This is the OpenCV Lanczos interpolation.
EDIT: Open CV interpolates for images, so actually it extrapolates data, because the starting points are pixels, and an image with more pixels, since it has smaller pixels, it has pixels outside the original range:
For example, on this image, initially there are 2 pixels, but if OpenCV is asked to interpolate to 20 smaller pixels, there would be 5 extra pixels on each side of the image.
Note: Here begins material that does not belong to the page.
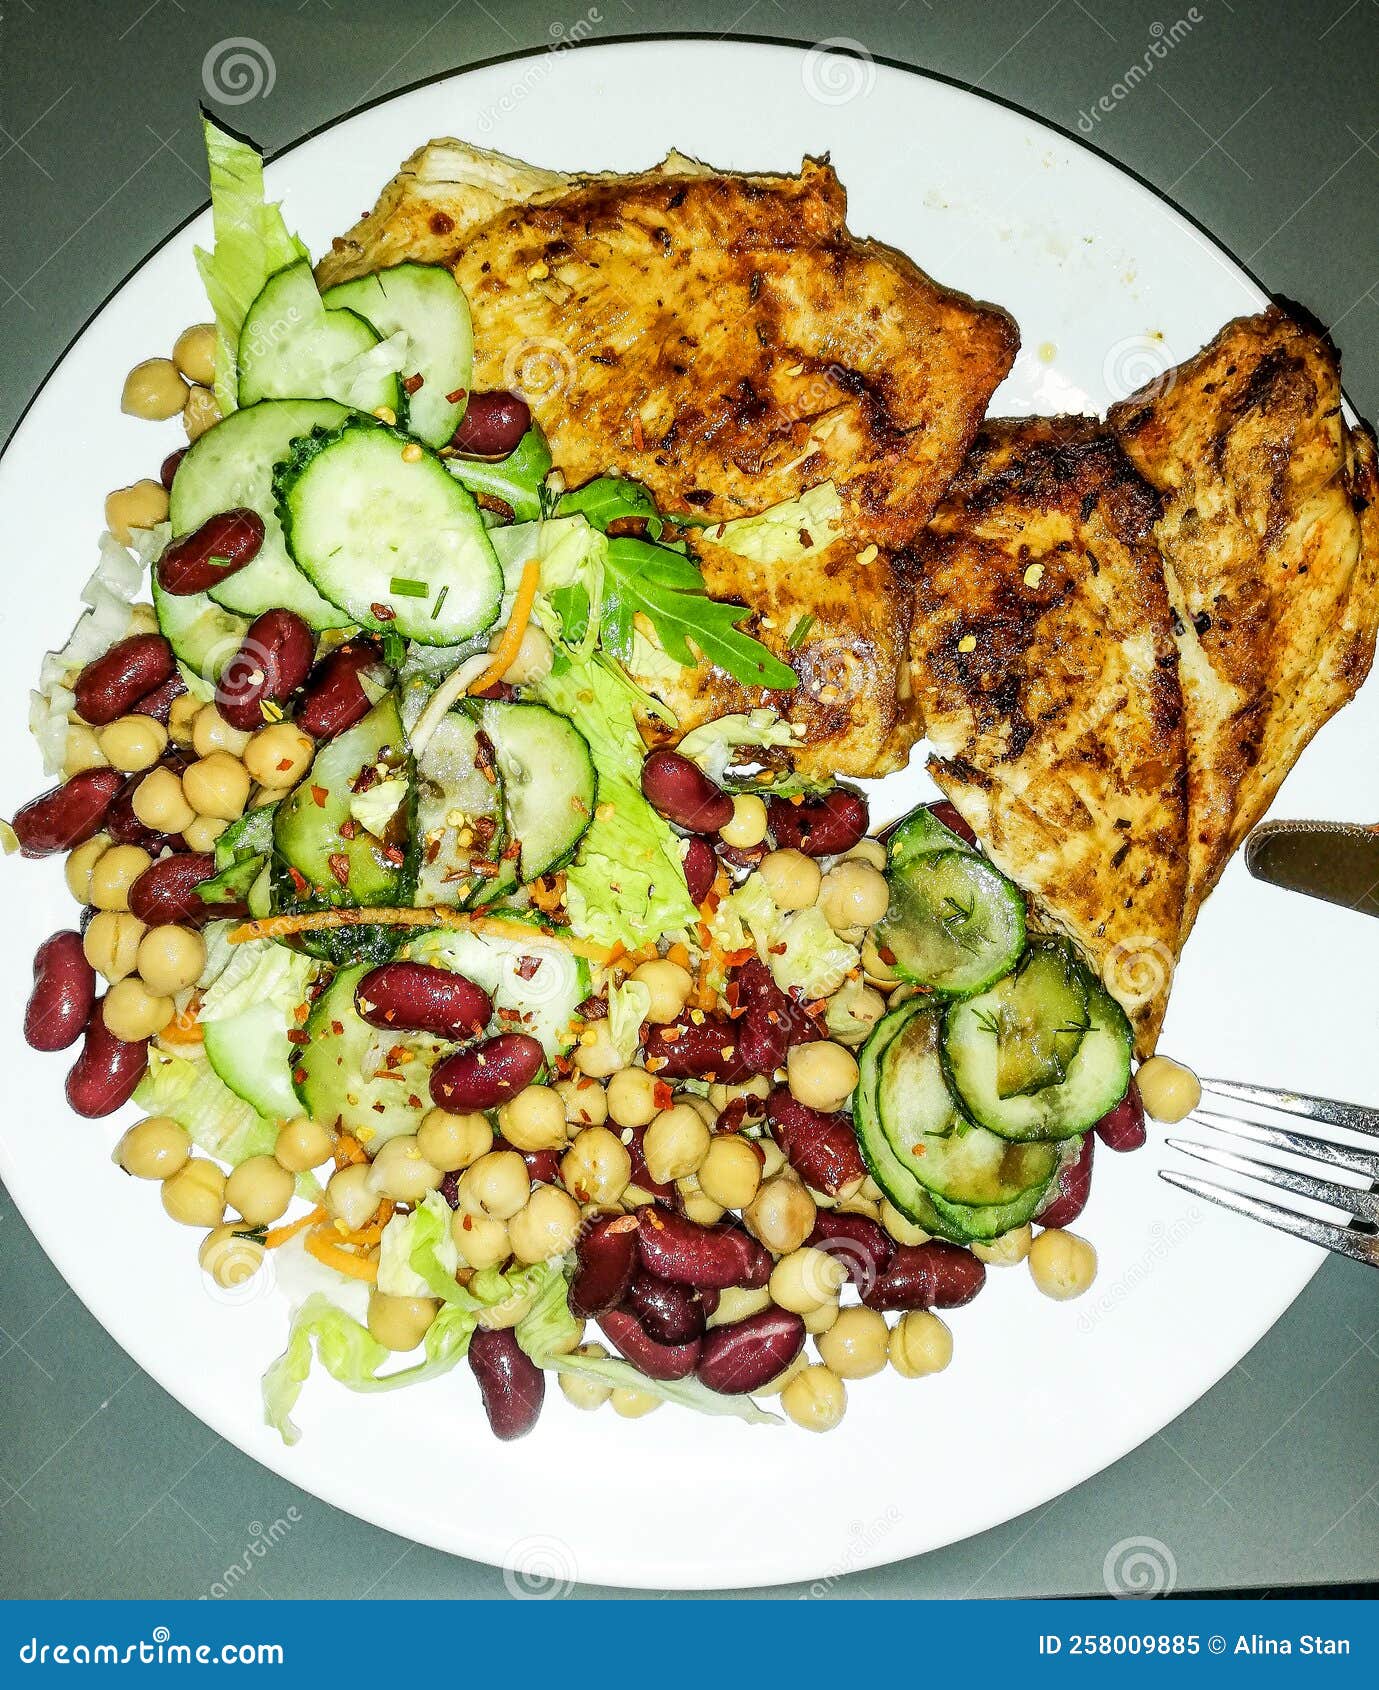 healthy lunch salad with chicken for a fitness diet
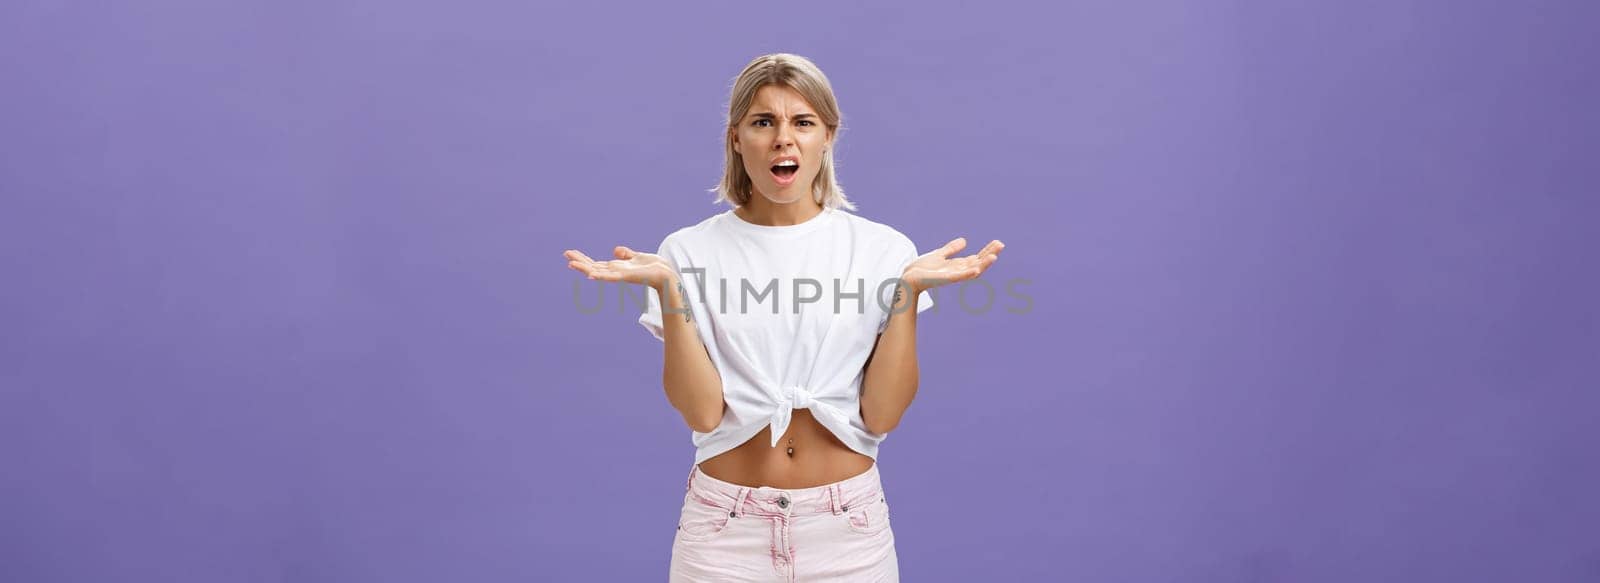 Lifestyle. Perplexed and disappointment good-looking blonde female student in white t-shirt and pink shorts frowning shrugging with spread hands near shoulders saying what the hell over purple wall.

That is why the interpolation doesn't match.

Unfortunately, this means that this method cannot interpolate between points at arbitrary coordinates.
The original points have to have a constant separation.
This code does a dirty approximation, because there is no guarantee that the pixels will match exactly:
import numpy as np
import matplotlib.pyplot as plt
import cv2
x = [1, 2, 3, 4, 5, 6, 7, 8, 9, 10]
y = [2, 3, 5.5, 6.5, 5, 4, 5, 7.5, 8, 7]
img = np.array([y])
parts = 100
xs = np.linspace(1, 10, parts)
resized = cv2.resize(img, (int(parts*(1+1/len(y))), 1),
interpolation=cv2.INTER_LANCZOS4)[0]
plt.scatter(x, y)
plt.plot(xs, resized[int(parts/(2*len(y))):int(parts/(2*len(y)))+parts])
plt.show()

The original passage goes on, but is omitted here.